In the standard linear regression setting,
\[ \mathbf{y} = \mathbf{i}_N \beta_0 + \mathbf{W}\boldsymbol{\beta} + \boldsymbol{\mu}, \]
where \(\mathbf{i}_N\) is an \(N\)-dimensional vector of ones, \(\mathbf{W}\) is the \(N \times K\) design matrix of inputs, and \(\boldsymbol{\mu} \sim \mathcal{N}(\mathbf{0}, \sigma^2 \mathbf{I}_N)\), there has been extensive development of techniques aimed at regularization within the Frequentist inferential framework. These include methods such as Ridge regression (Hoerl and Kennard 1970); discrete subset selection techniques like best subset selection (Furnival and Wilson 1974a), forward selection, and backward stepwise selection (Hastie, Tibshirani, and Friedman 2009); as well as continuous subset selection approaches such as the LASSO (Tibshirani 1996), the elastic net (Zou and Hastie 2005), and OSCAR (Bondell and Reich 2008).
It is important to note, however, that Ridge regression does not perform variable selection; rather, it shrinks coefficient estimates toward zero without setting them exactly to zero.
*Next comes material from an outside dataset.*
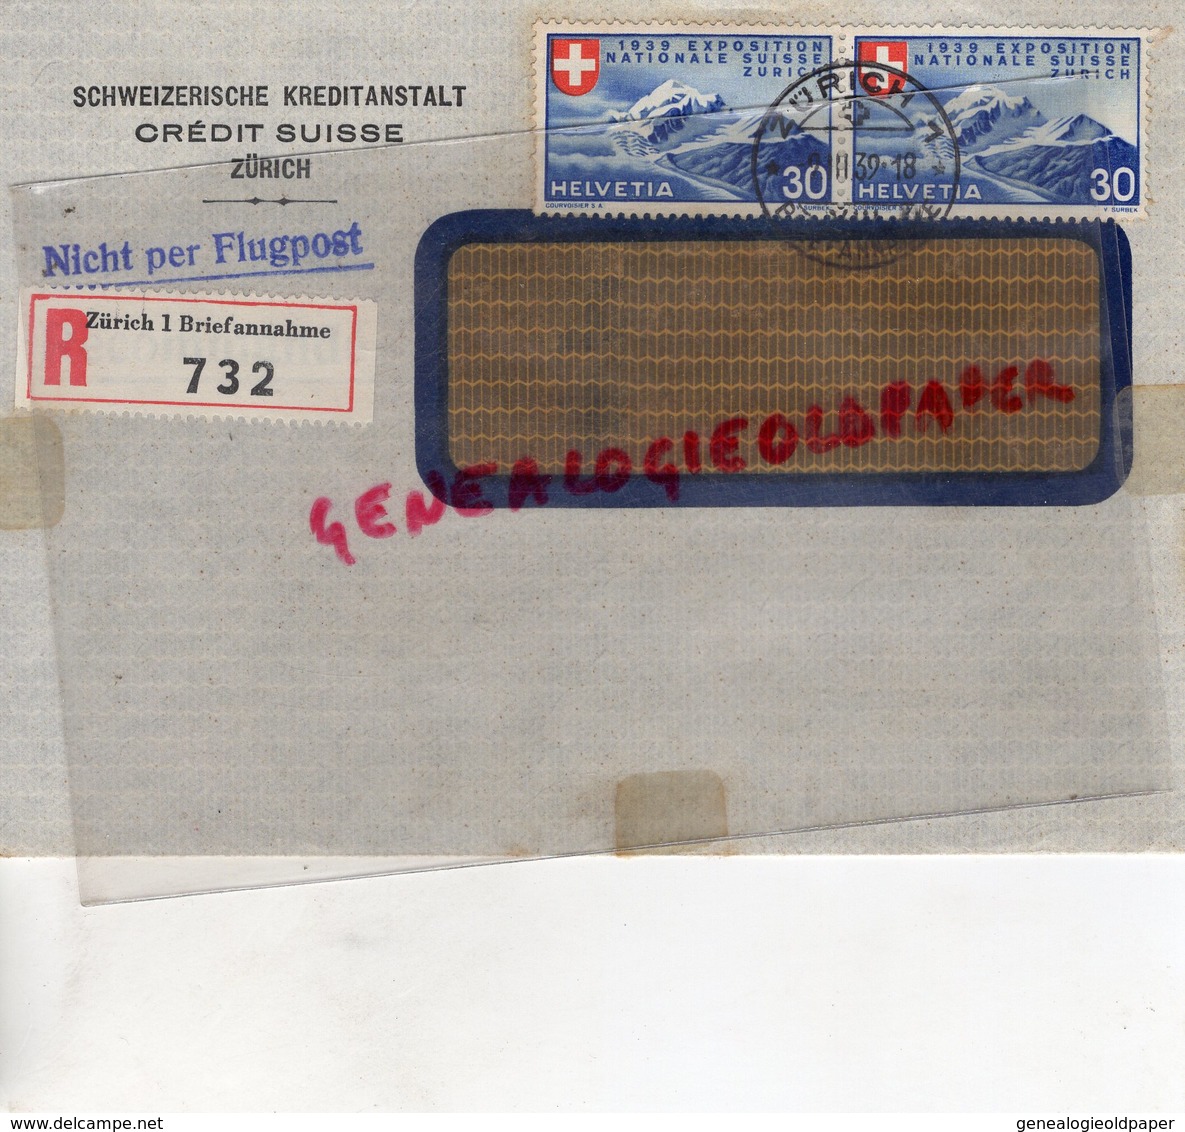 SUISSE - ZURICH- RARE ENVELOPPE SCHWEIZERISCHE KREDITANSTALT- CREDIT SUISSE -1939- NICHT PER FLUGPOST-SAINT JUNIEN 87 - Suiza

Ridge regression and the LASSO can be viewed as special cases of a more general class of estimators known as Bridge regression (Fu 1998), which also admits a Bayesian interpretation. Consider the following penalized least squares criterion in the linear regression setting:
\[ \hat{\boldsymbol{\beta}}^{\text{Bridge}} = \arg\min_{\boldsymbol{\beta}} \left\{ \sum_{i=1}^N \left( y_i - \beta_0 - \sum_{k=1}^K \tilde{w}_{ik} \beta_k \right)^2 + \lambda \sum_{k=1}^K |\beta_k|^q \right\}, \quad q \geq 0, \]
where \(\tilde{w}_{ik}\) denotes the standardized inputs. Standardizing inputs is important in variable selection problems to avoid issues caused by differences in scale; otherwise, variables with larger magnitudes will be penalized less and disproportionately influence the regularization path.
Interpreting \(|\beta_k|^q\) as proportional to the negative log-prior density of \(\beta_k\), the penalty shapes the contours of the prior distribution on the parameters. Specifically:
- \(q = 0\) corresponds to best subset selection, where the penalty counts the number of nonzero coefficients.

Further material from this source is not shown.